Institutions and individuals seeking a currency hedge or more risk exposure in their FX portfolio will look to Bitcoin.  Unlike fiat currencies Bitcoin has an established track record as a Store of Value and mathematically enforced scarcity not subject to the opinions and decisions of a centralized group of humans such as a Central Bank.

This is attractive for investors not only due to Bitcoin’s supply dynamics.  Bitcoin not only doesn’t hang on every word from a Central Banker it also acts as a hedge against most if not all of what they are executing as policy.  As funds naturally spill over from the existing FX markets the limited supply of Bitcoins become even more scarce and valuable.  The looming Brexit scenario and inevitable avalanche of other nations looking to leave the EU only reinforces the likelihood that BTCUSD trading volume surges higher.  Keep in mind that the biggest trades in the BTC market take place OTC because the current exchange volume simply can’t absorb large seven, eight, and nine figure or larger USD trades without dramatically altering the price and causing slippage.  It’s likely the amount of coins available for sale is even lower than what is generally reported.

Chinese Demand and Yuan Devaluation

Bank deposits in China amount to roughly $22 Trillion.  Since the middle of 2015 the PBOC (People’s Bank of China) has been trying to simultaneously devalue the Yuan against a basket of currencies representing key trading partners and scare away speculators betting on such a strategic devaluation.  This is just one country among many countries facing challenges related to state-sponsored fiat.  The Chinese as a whole are no strangers to Bitcoin given the large presence of miners in China and China’s experience with Bitcoin in the 2012-2013 huge bull market.

If merely 1% of these funds sitting in bank deposits fled to Bitcoin even if only as speculation or a place to store value that is $220 Billion in funds versus the current market cap of about $10 Billion for BTC.  China is only one nation, granted a very large one, in a world where nations such as Japan and others are starting to see Bitcoin trading volume pick up speed.  Capital flight to evade devaluations and currency controls has the potential to make an enormous impact on BTC as a Store of Value.

More and more citizens in China, and any other nation, will see that governments have a horrendous track record of protecting the Store of Value component of state-sponsored currencies.  Inevitably more people will understand that the core tenets of Bitcoin enforce scarcity and that it is an excellent asset that can be saved, retrieved, exchanged, and predictably useful at a later time.  This will lead more people to ask why they are leaving fiat stored in traditional checking and savings accounts.  Just shifting 1% of the funds residing in such accounts in only China could vault Bitcoin’s market value, and performance as a Store of Value, higher by a factor of more than 20x.

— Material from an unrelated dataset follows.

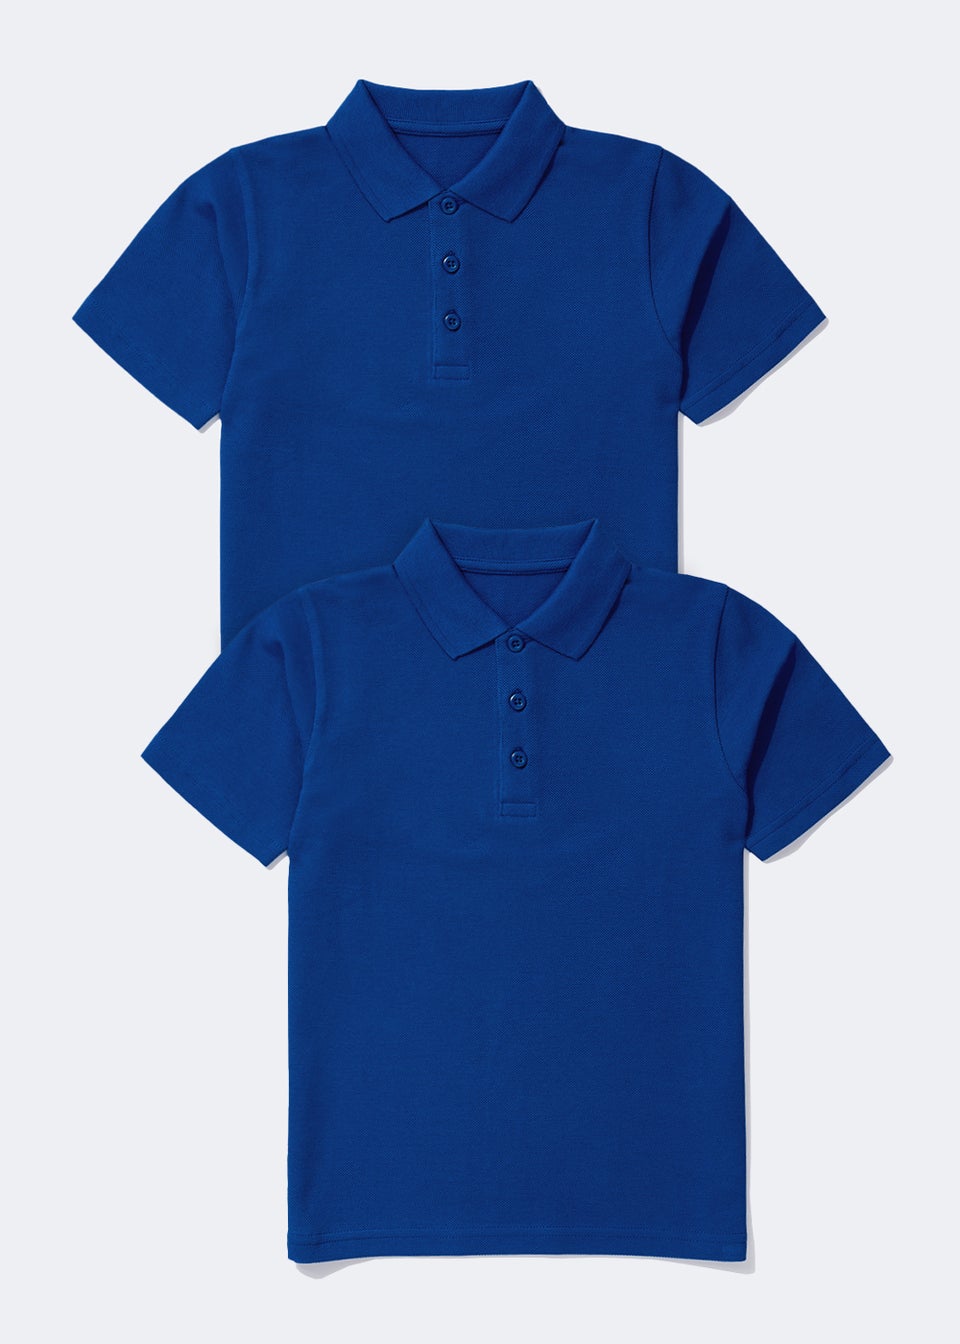 Kids 2 Pack Royal Blue School Polo Shirts (4-13yrs)

The intent of this analysis is not to proclaim that instantaneously trillions and trillions of dollars will all try to flood into Bitcoin at the same time starting right now.  Rather, part of the intent is to revisit how very basic mathematics and very conservative assumptions can create scenarios where mathematically there is immense upward pressure on the market cap of Bitcoin.

Historically people used currency, precious metals such as gold and silver, physical assets, and securities like bonds or equities as a Store of Value.  The world has never seen another option whose scarcity is guaranteed by mathematics and not manipulated by a small, select group of humans.  Just very small adjustments made by more people and institutions over time will mathematically create demand for Bitcoin that overwhelms the supply of Bitcoin available at the current price.  The result will be a further resumption of the upward trend in Bitcoin’s market value thus reinforcing an increasing appreciation for and use of Bitcoin as a Store of Value.